> [Goal of the exercise]
Restate the data below word for word, omitting pictures.

> [Supplied information]

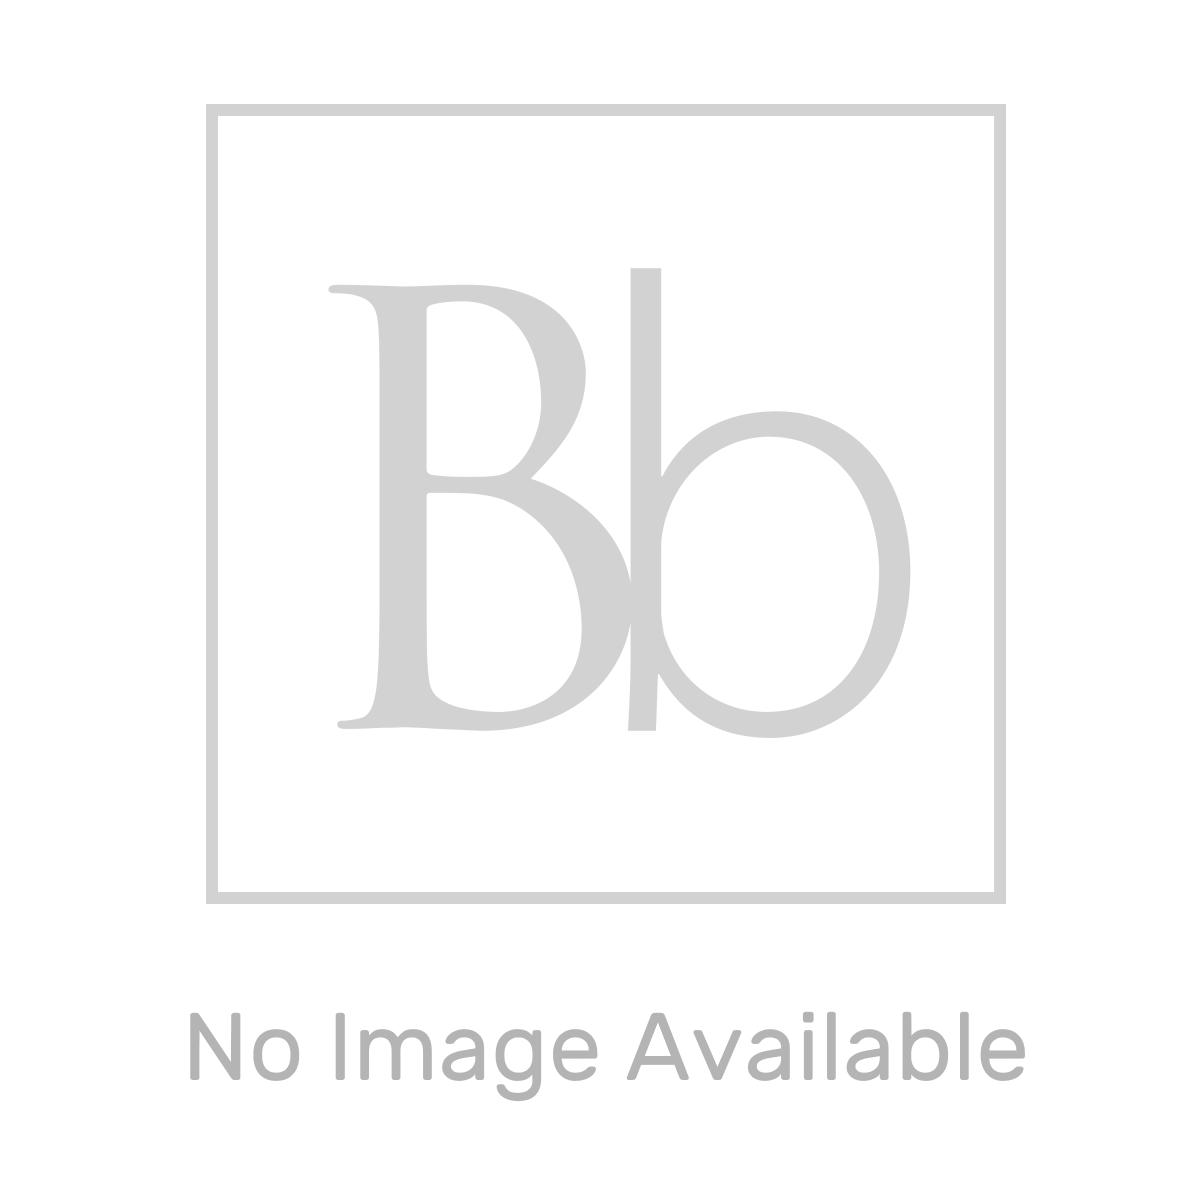 Premier Barmby Single Ended Bath 1800 x 800mm Dimensions
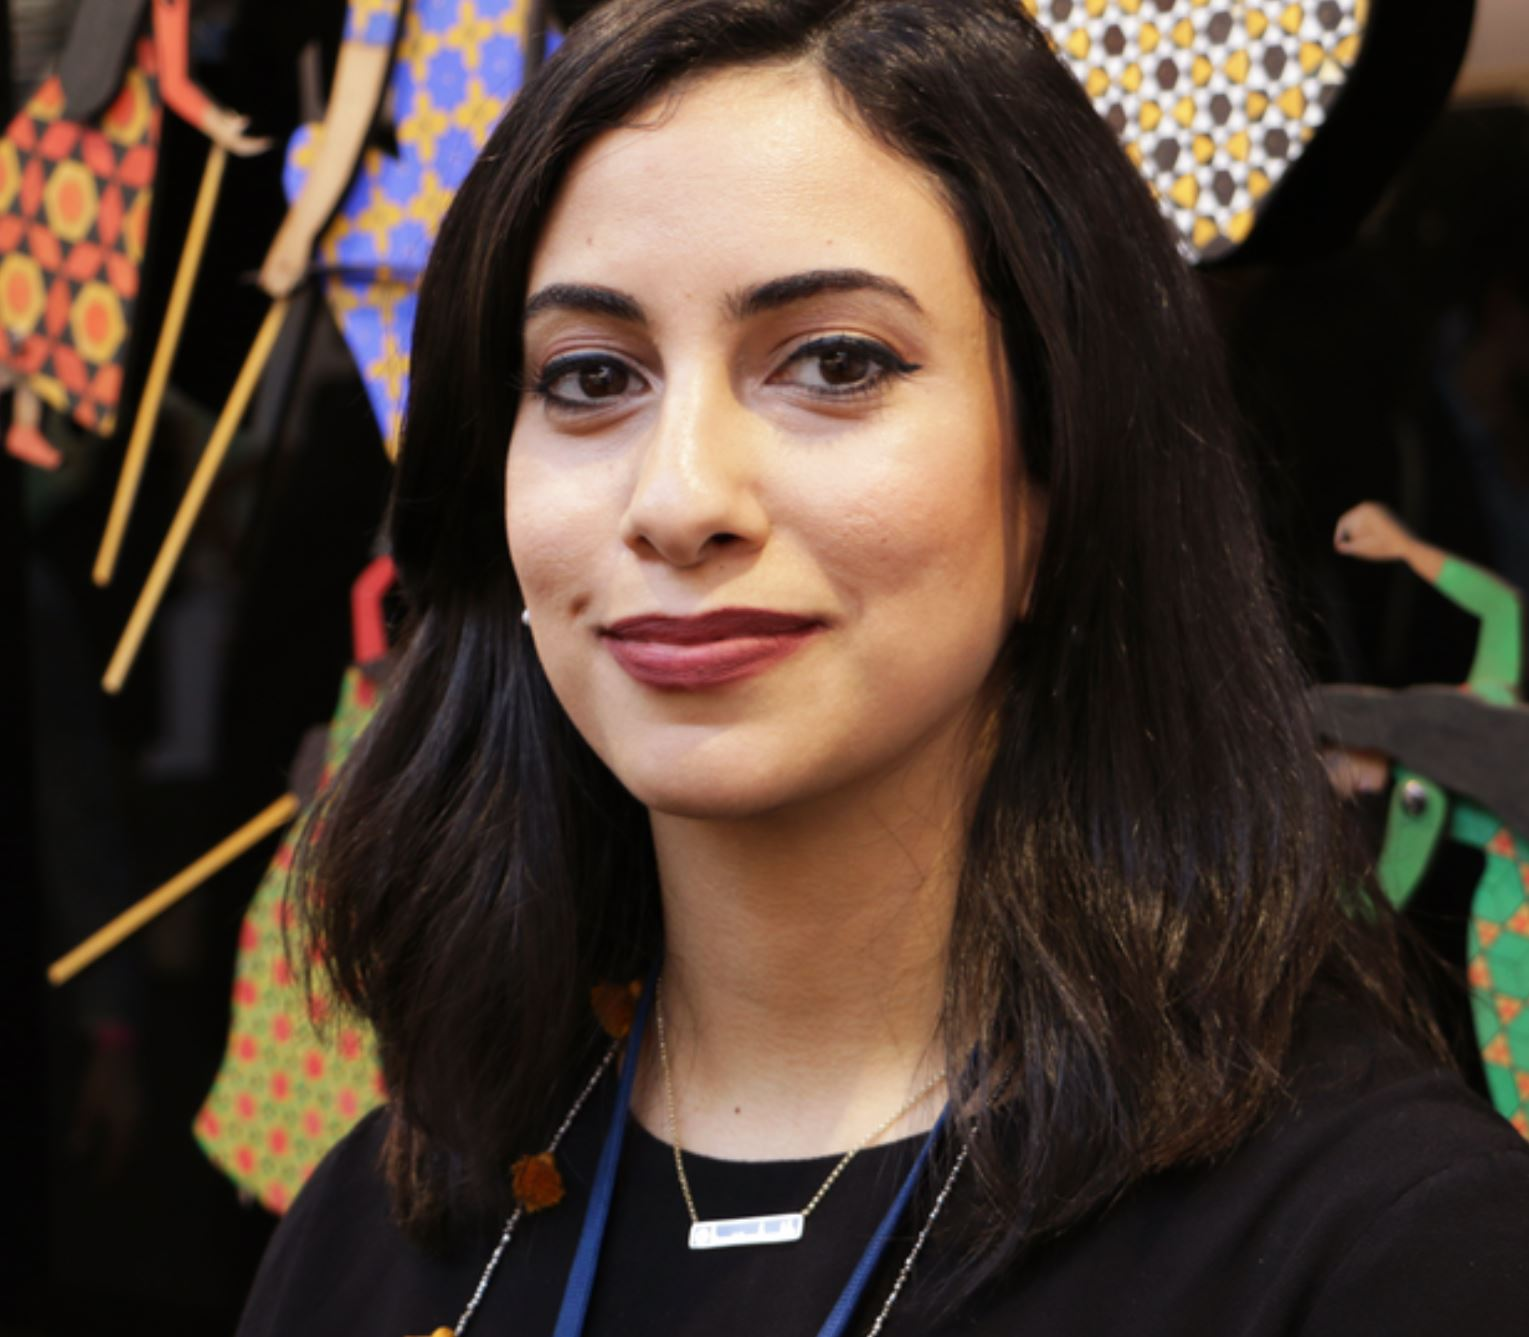 Sarah Al Abdali
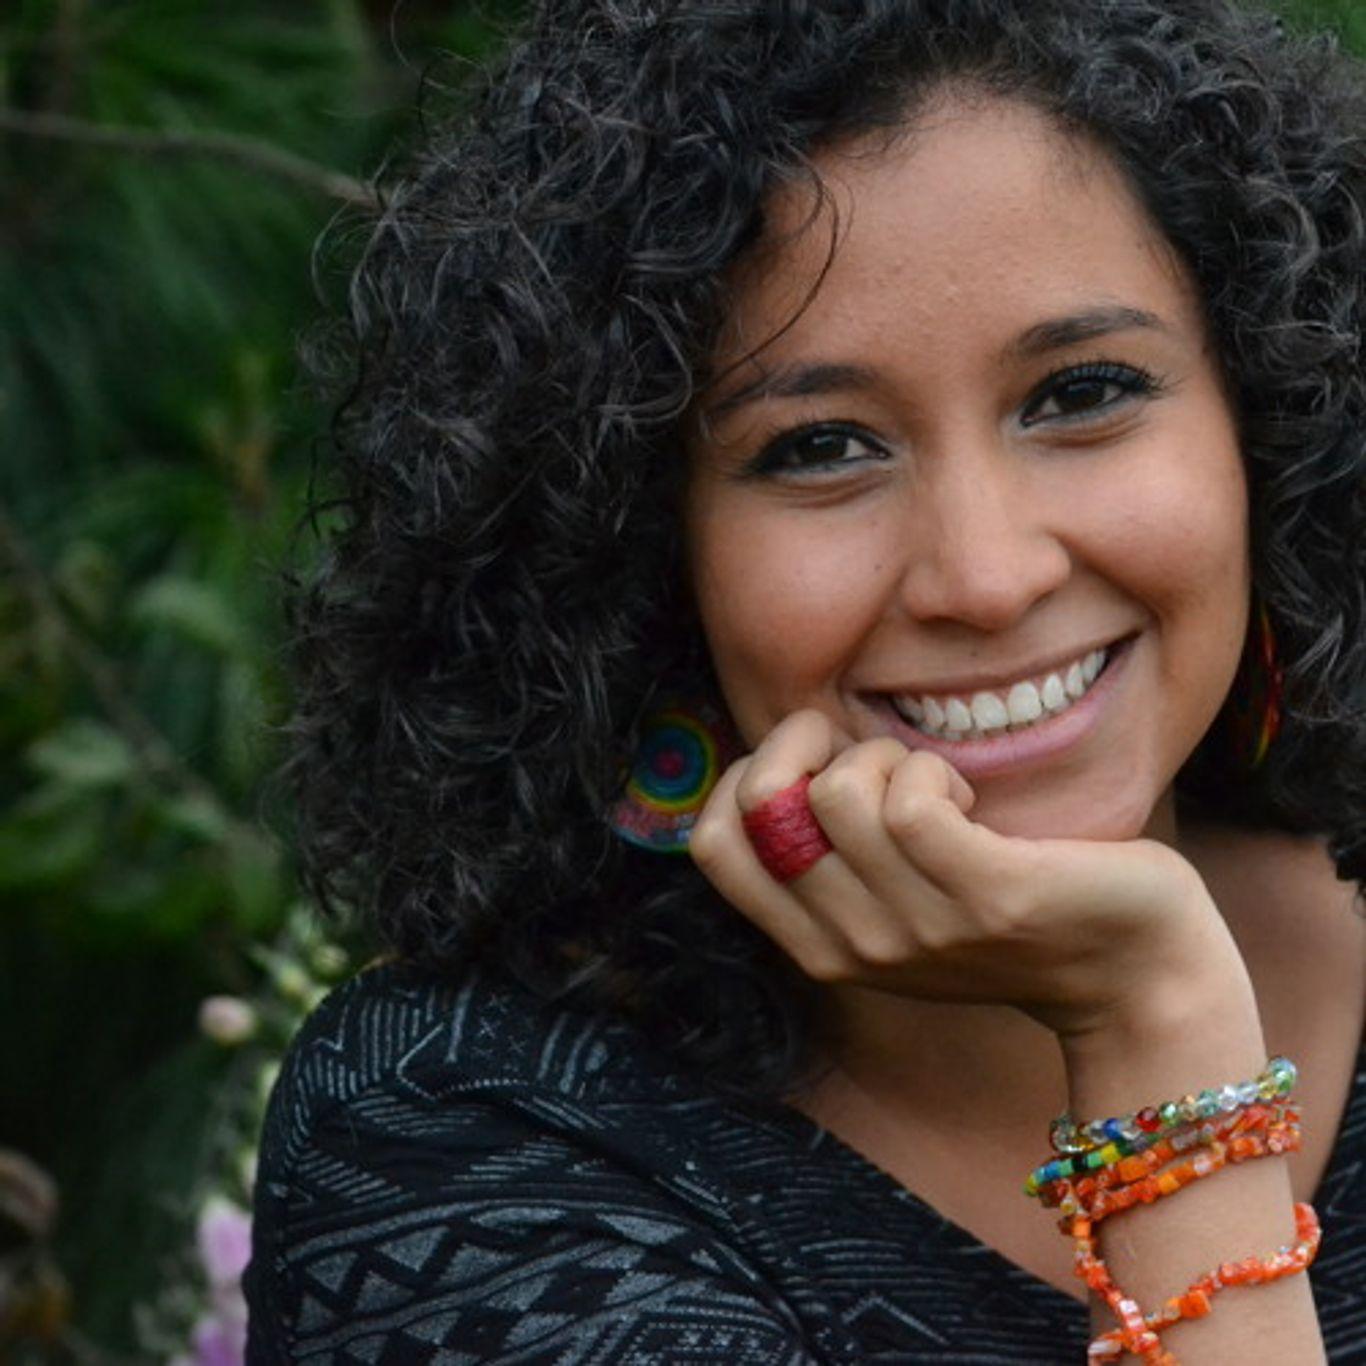 Victoria Saavedra
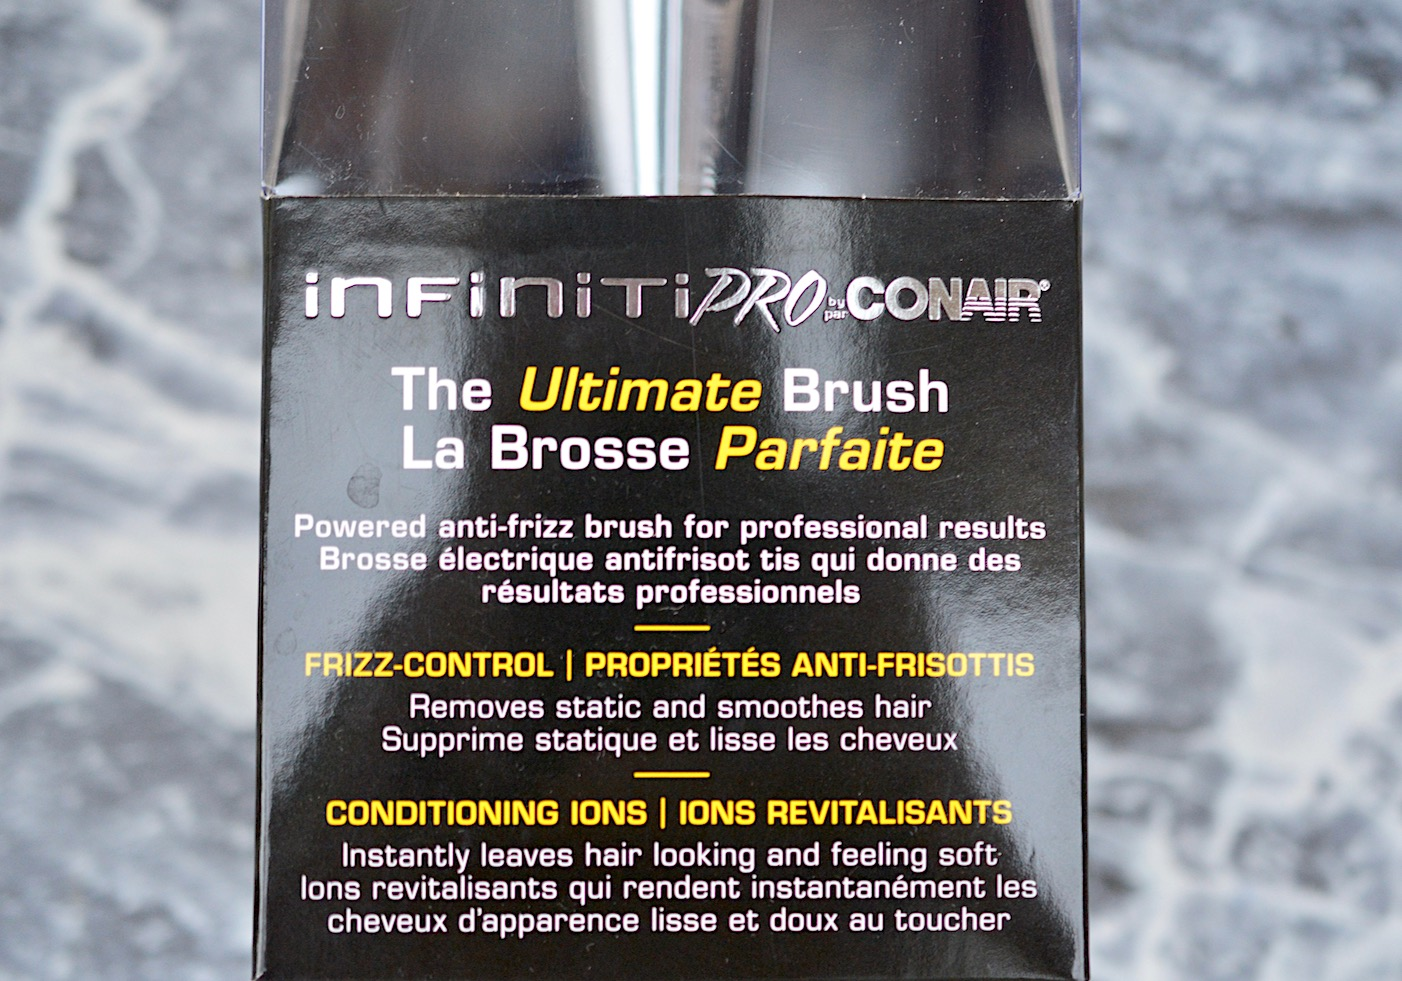 Conair Electric Brush

> [Your response]
 Premier Barmby Single Ended Bath 1800 x 800mm Dimensions
 Sarah Al Abdali
 Victoria Saavedra
 Conair Electric Brush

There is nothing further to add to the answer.